- Senator:
|  | W. Charles Paradee D–Dover |
- Registration: 51.8% Democratic 23.1% Republican 25.1% No party preference
- Demographics: 46% White 39% Black 7% Hispanic 2% Asian 1% Native American 4% Other
- Population (2018): 46,208
- Registered voters: 31,330

= Delaware's 17th Senate district =

American legislative district

Delaware's 17th Senate district is one of 21 districts in the Delaware Senate.

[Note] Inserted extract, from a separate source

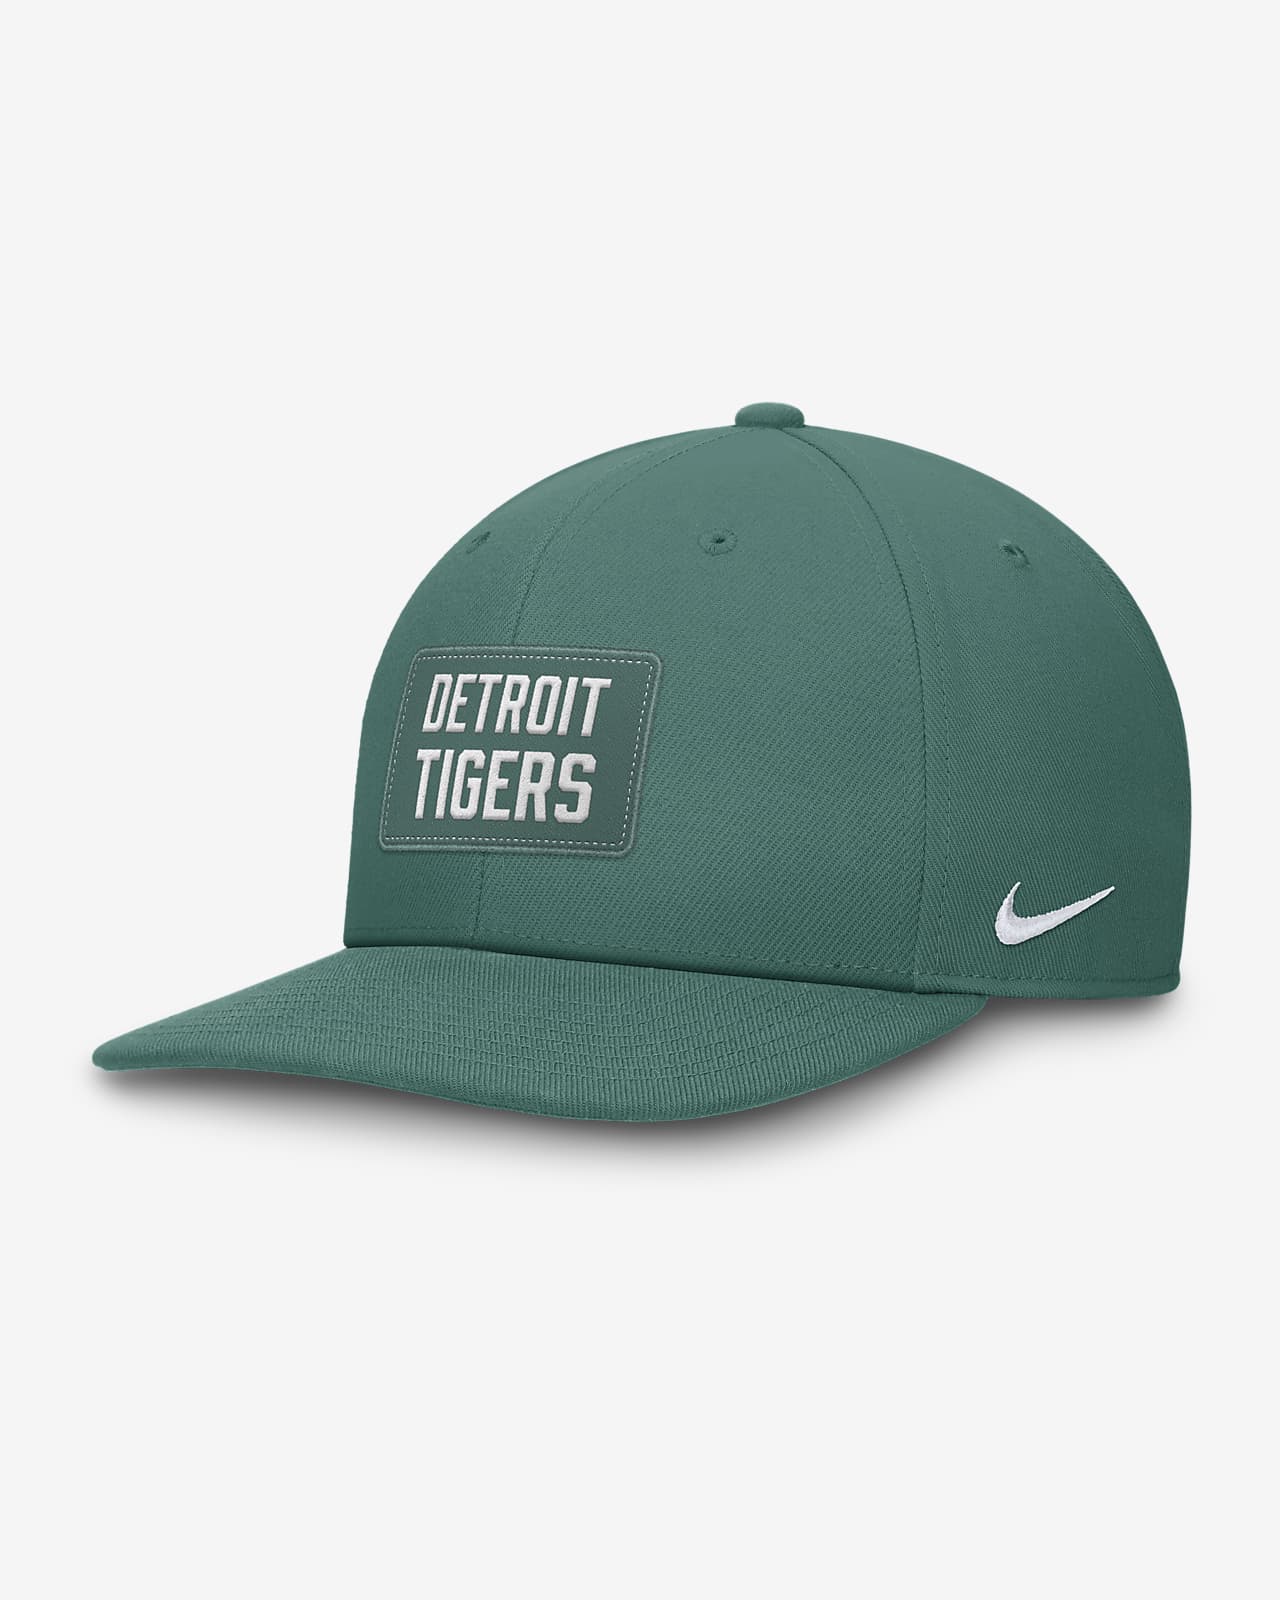 Detroit Tigers Bicoastal Pro Men's Nike Dri-FIT MLB Adjustable Hat

It has been represented by Democrat W. Charles Paradee since 2018, succeeding fellow Democrat Brian Bushweller.

==Geography==
District 17 is based in Dover, covering most of the city proper as well as the nearby Kent County communities of Camden, Wyoming, and Rodney Village.

Like all districts in the state, the 17th Senate district is located entirely within Delaware's at-large congressional district. It overlaps with the 28th, 29th, 31st, 32nd, and 34th districts of the Delaware House of Representatives.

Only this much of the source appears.